About this exercise:
Return every line from the one with "Can Cats Eat" through the one with "BOSTON, MASSACHUSETTS - NOVEMBER", inclusive, exactly as it appears below.

** Opening Input material block **

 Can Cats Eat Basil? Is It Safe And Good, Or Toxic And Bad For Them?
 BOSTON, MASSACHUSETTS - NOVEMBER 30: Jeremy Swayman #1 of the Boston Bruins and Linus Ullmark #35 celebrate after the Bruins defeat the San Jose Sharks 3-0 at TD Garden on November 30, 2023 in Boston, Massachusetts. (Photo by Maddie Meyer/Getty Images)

** Closing Input material block **
** Opening Input material block **

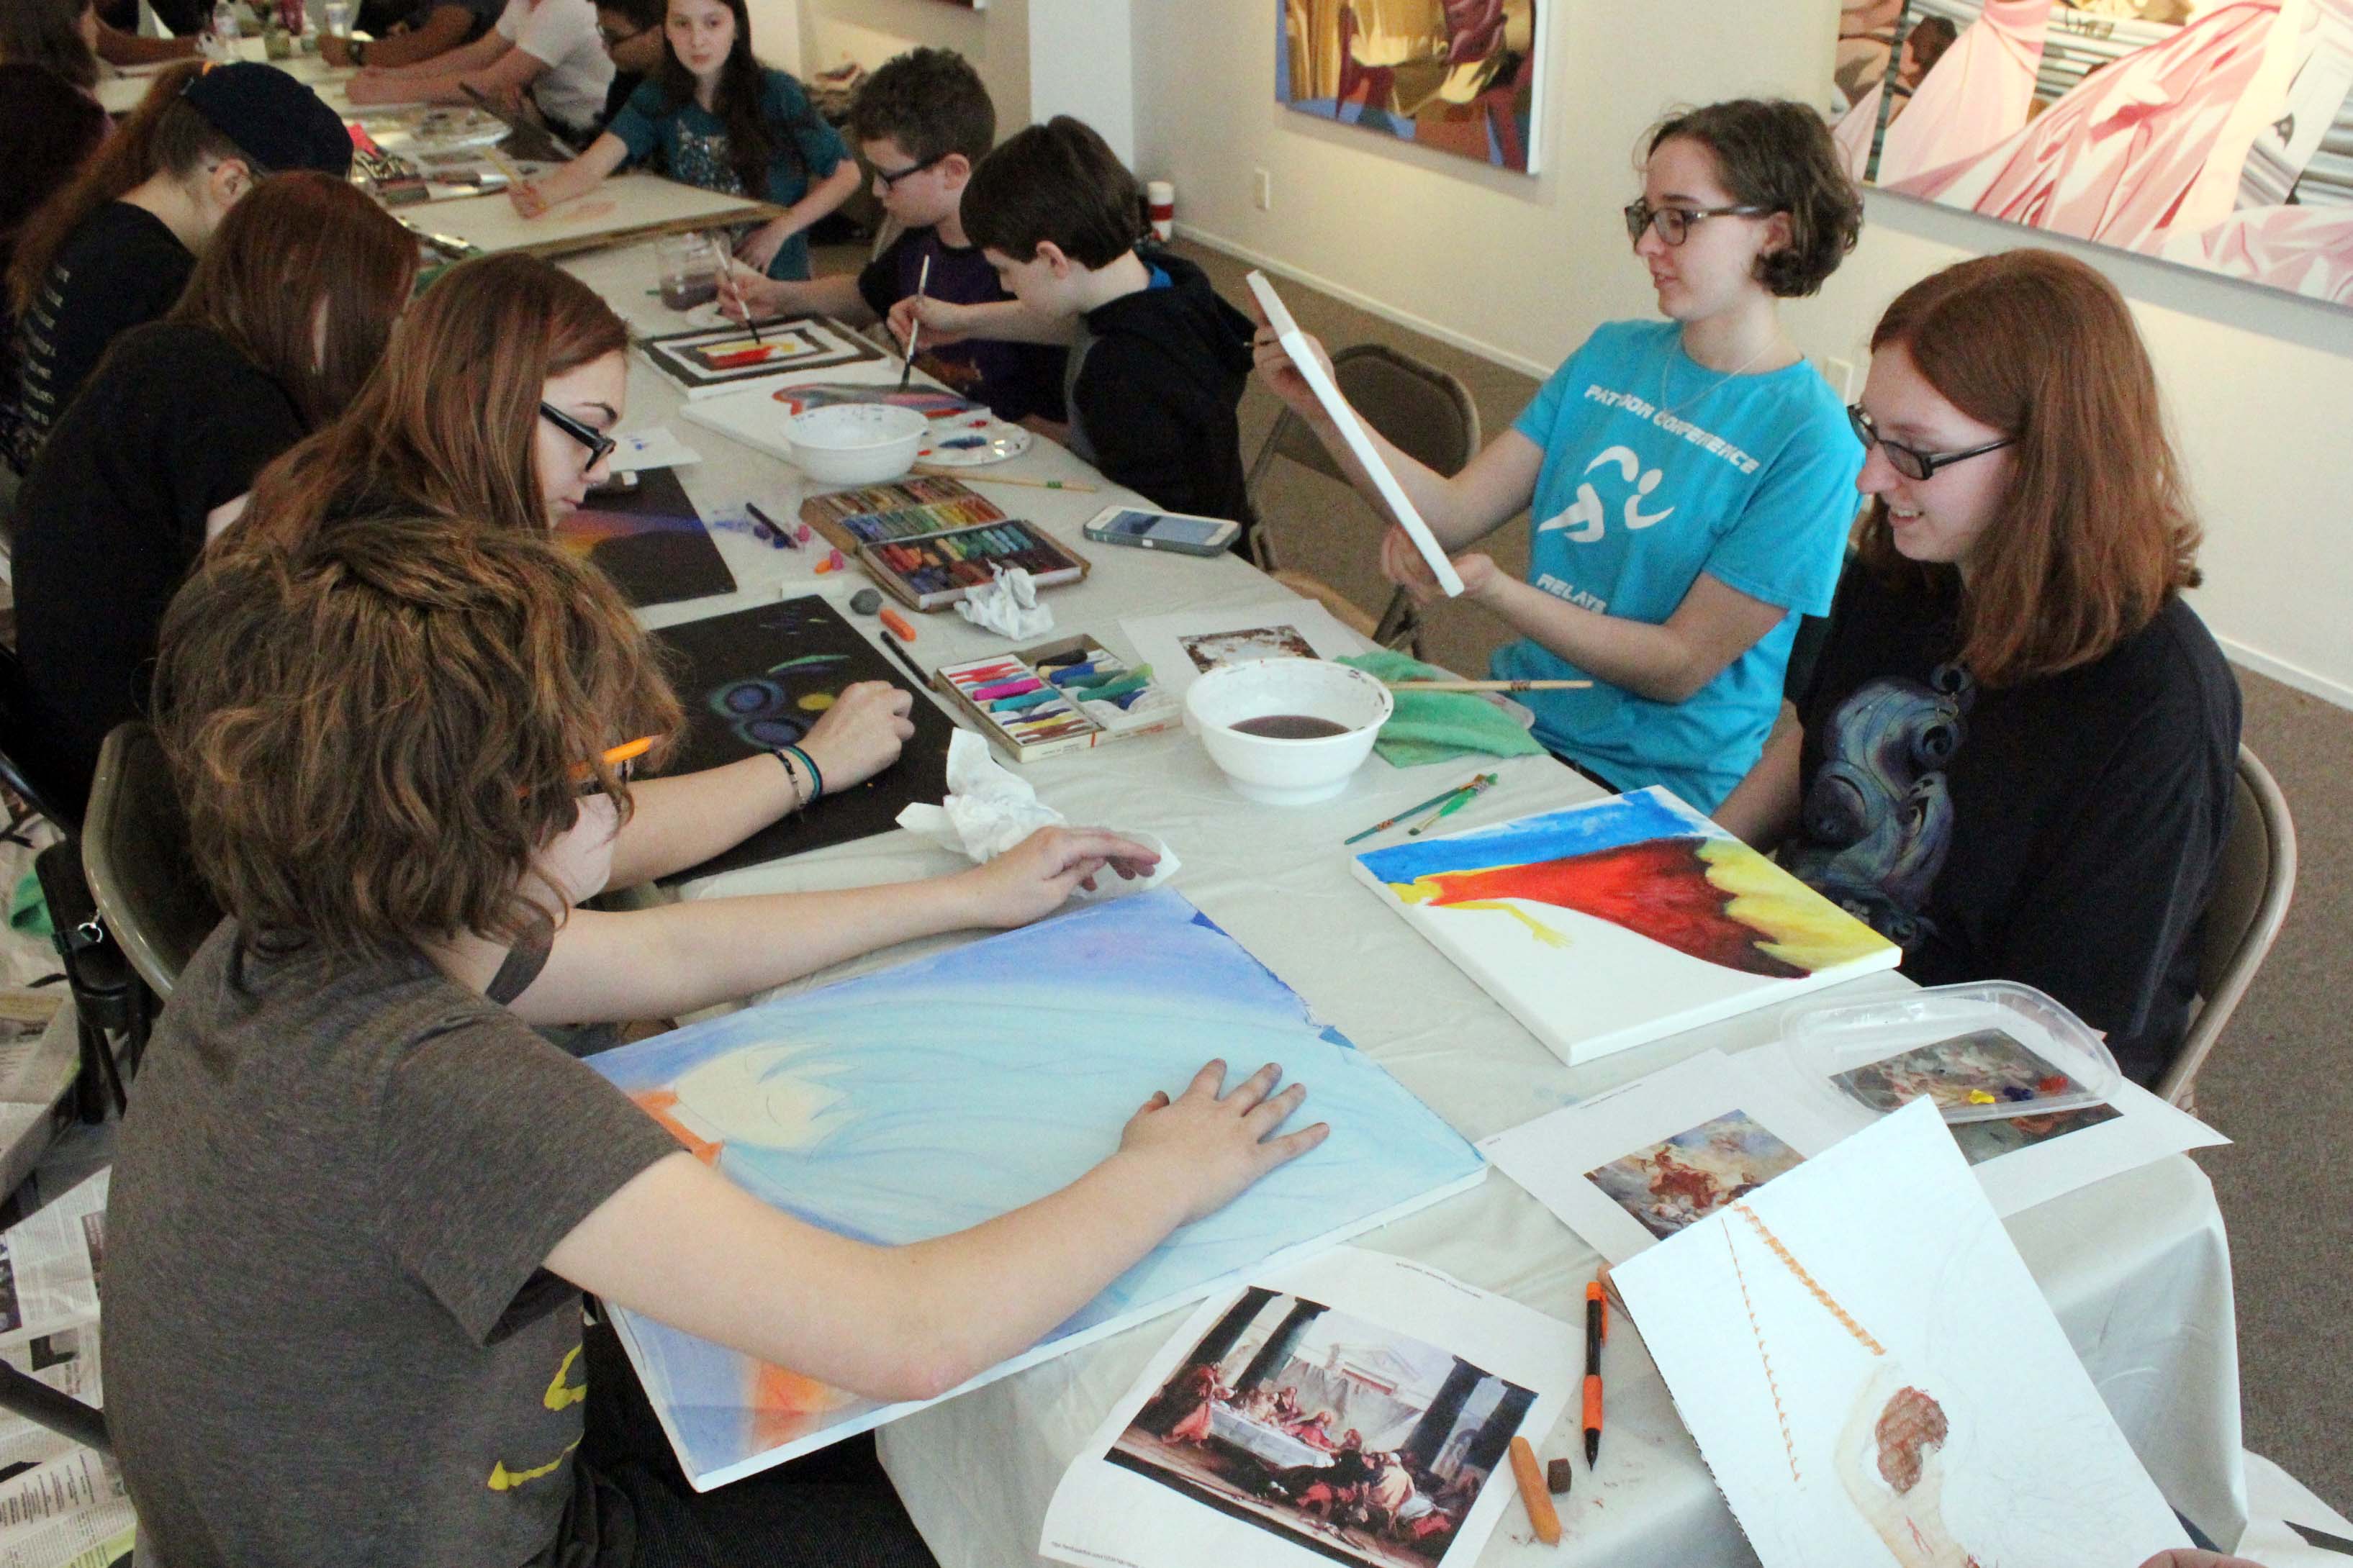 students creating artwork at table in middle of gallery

** Closing Input material block **

Answer section:
 Can Cats Eat Basil? Is It Safe And Good, Or Toxic And Bad For Them?
 BOSTON, MASSACHUSETTS - NOVEMBER 30: Jeremy Swayman #1 of the Boston Bruins and Linus Ullmark #35 celebrate after the Bruins defeat the San Jose Sharks 3-0 at TD Garden on November 30, 2023 in Boston, Massachusetts. (Photo by Maddie Meyer/Getty Images)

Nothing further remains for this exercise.